In his day job, Ben Hantz is the Technology Advisor for Mechanical Reliability at Valero Energy, and is responsible for keeping 14 refineries up and running. But, as usual, his story began much earlier. Ben grew up in the small town of Bristol, NH. He went to college at the Worcester Polytechnic Institute (WPI) in Worcester, MA, where he got a BS in Mechanical Engineering and an MS in Materials Engineering. As a research assistant at WPI he was trying to understand why things break. A fitting start for a person who has spent, essentially, his entire career working on fitness-for-service issues.

Greg Garic (GG): Thanks for talking with us today, Ben. I’m always interested in how people get started on their path. So, let me start by asking you how you came to be interested in engineering in the first place?

Ben Hantz (BH): Sure. When I turned 14 years old I started working in the hardware store that was in our small town of 2,000 residents. The town is in very close proximity to a lake and in the summer the population would grow to 10,000+ people because of the folks that had a summer cottage or a camp near the lake.

I was working in the hardware store and one of the things that I really enjoyed was solving our customers’ problems. For example, people would come in with a faucet stem needing a new rubber seal, and I’d just start taking it apart and the brass screw would disintegrate when I put the Phillips head screwdriver on it. Later in college I learned about brass and dezincification, so that's why those screws would disintegrate the second I would apply some torque to unscrew it.

At the hardware store, every day was a different problem. I really enjoyed solving people's problems, and that's what kicked me off into the engineering career.

GG: Where did your professional career start? Did you get into FFS right away, or did that come later?

BH: I began my career with Exxon Research and Engineering in Florham Park, NJ, in the mechanical engineering group. I got started doing advanced stress analysis using finite elements. Some of my first work there was on Exxon’s “Engineering Critical Assessment (ECA) Guide” in the 1989 or 1990 timeframe, so I'm dating myself here.

The Exxon ECA Guide was rebranded to the Exxon “Fitness-for-Service Guide.” That's where we developed the initial local thin area assessment technique. It was first published in the Exxon FFS guide. I was being mentored by Bob Sims at that time; one of my most memorable experiences.
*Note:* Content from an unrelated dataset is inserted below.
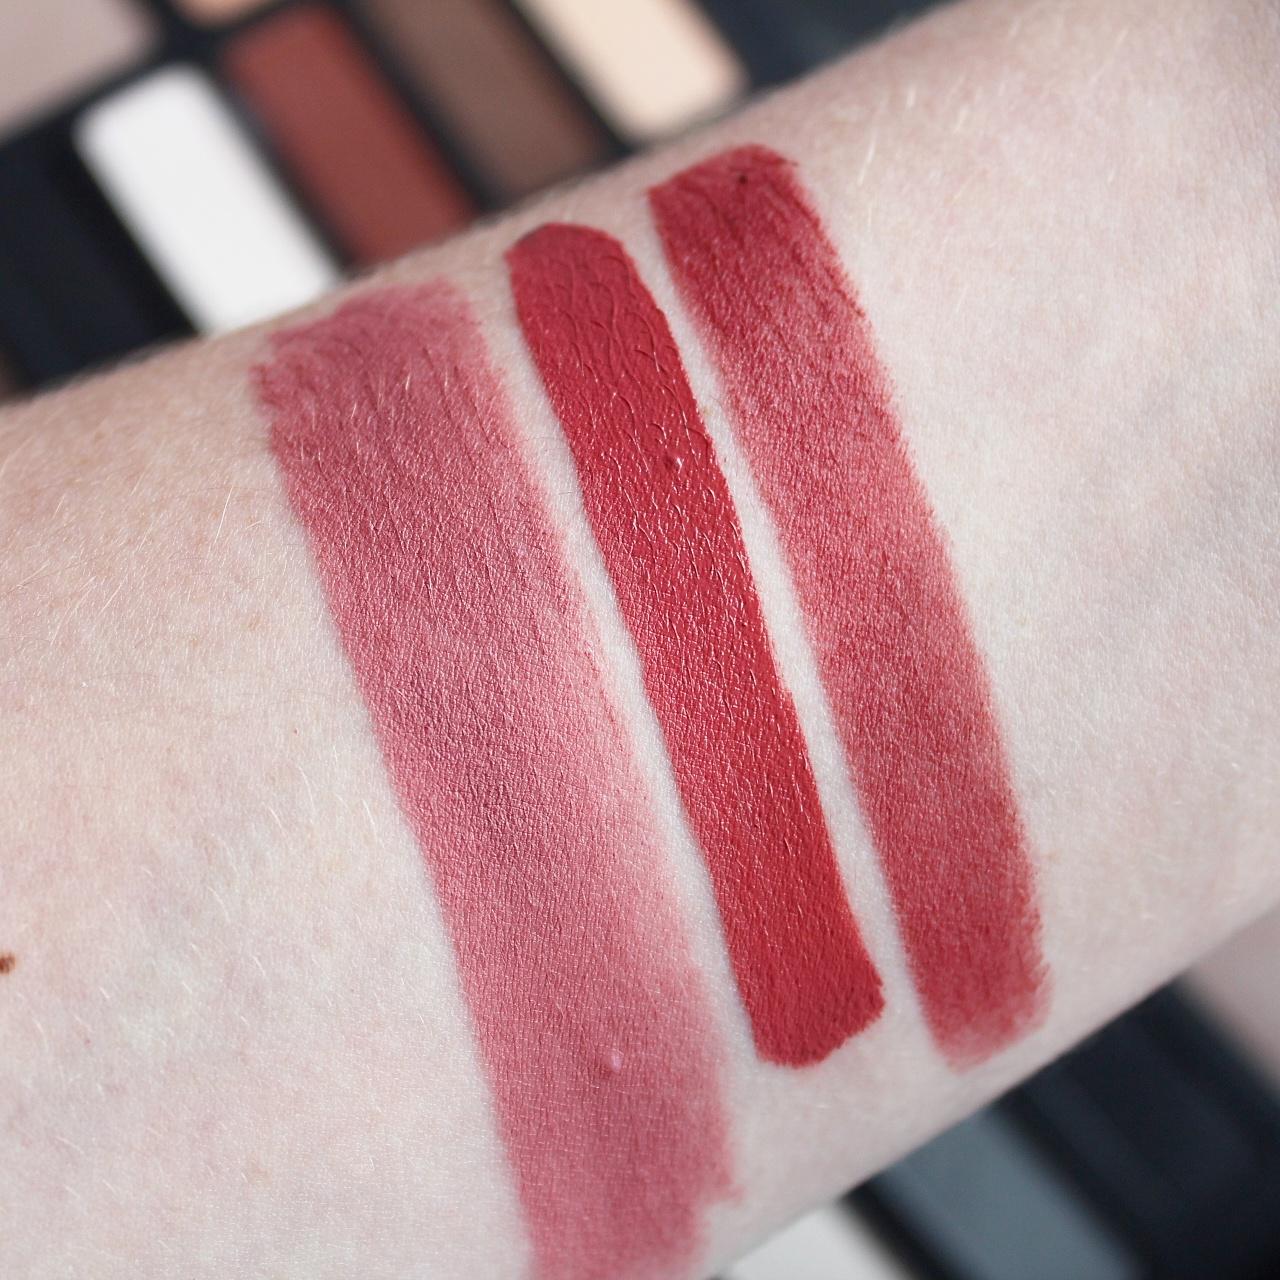 Kat Von D Beauty Studded Kiss Lipstick in Lovecraft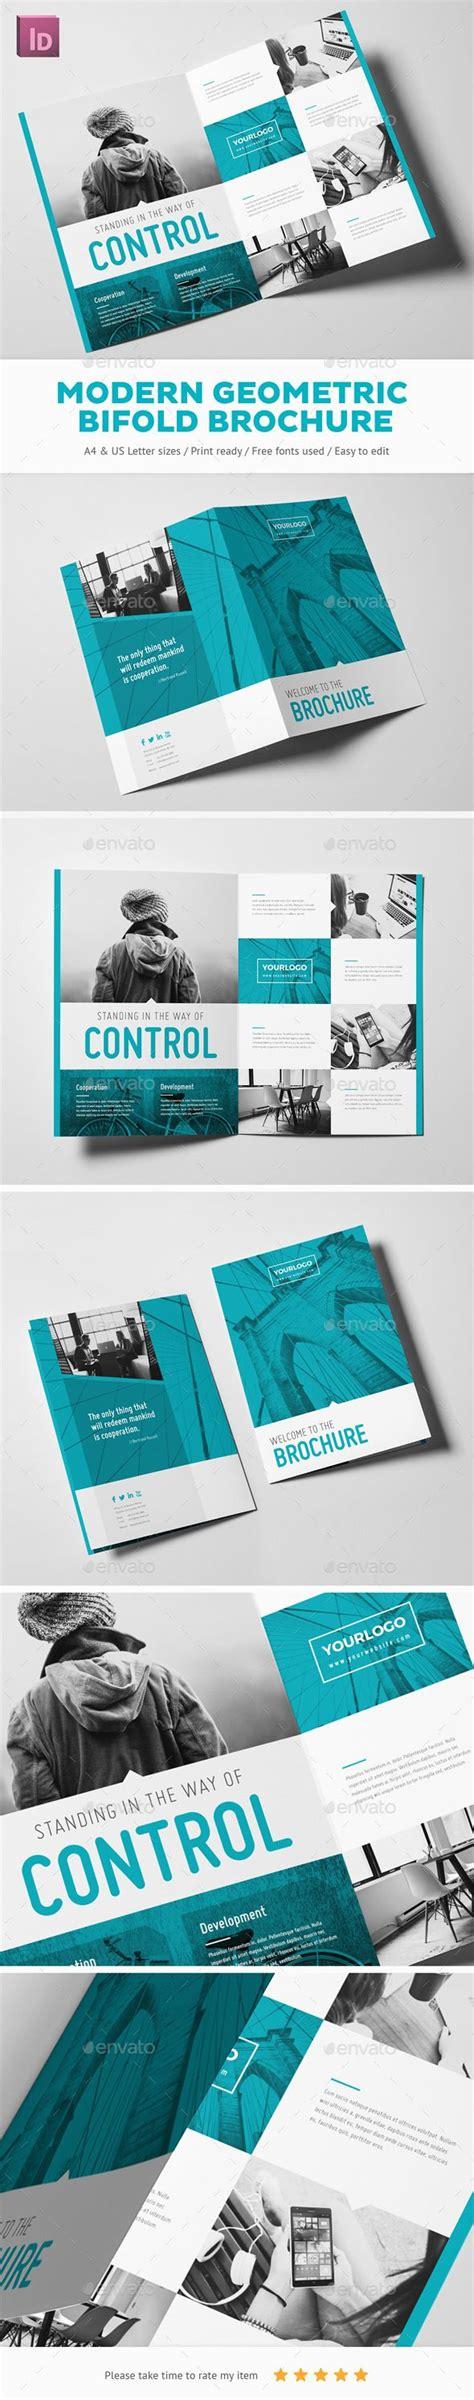 25 best ideas about brochure design on pinterest

Exxon provided the Exxon FFS Guide to a Material Properties Council (MPC) joint industry program on fitness-for-service. MPC looked at the available technologies for fitness-for-service and recommended that API create what's now known as API 579.

Since my department was an internal consulting group for the Exxon affiliates, we did a lot of different assessments, what we’d now call Level 3, on a variety of equipment using advanced analysis techniques.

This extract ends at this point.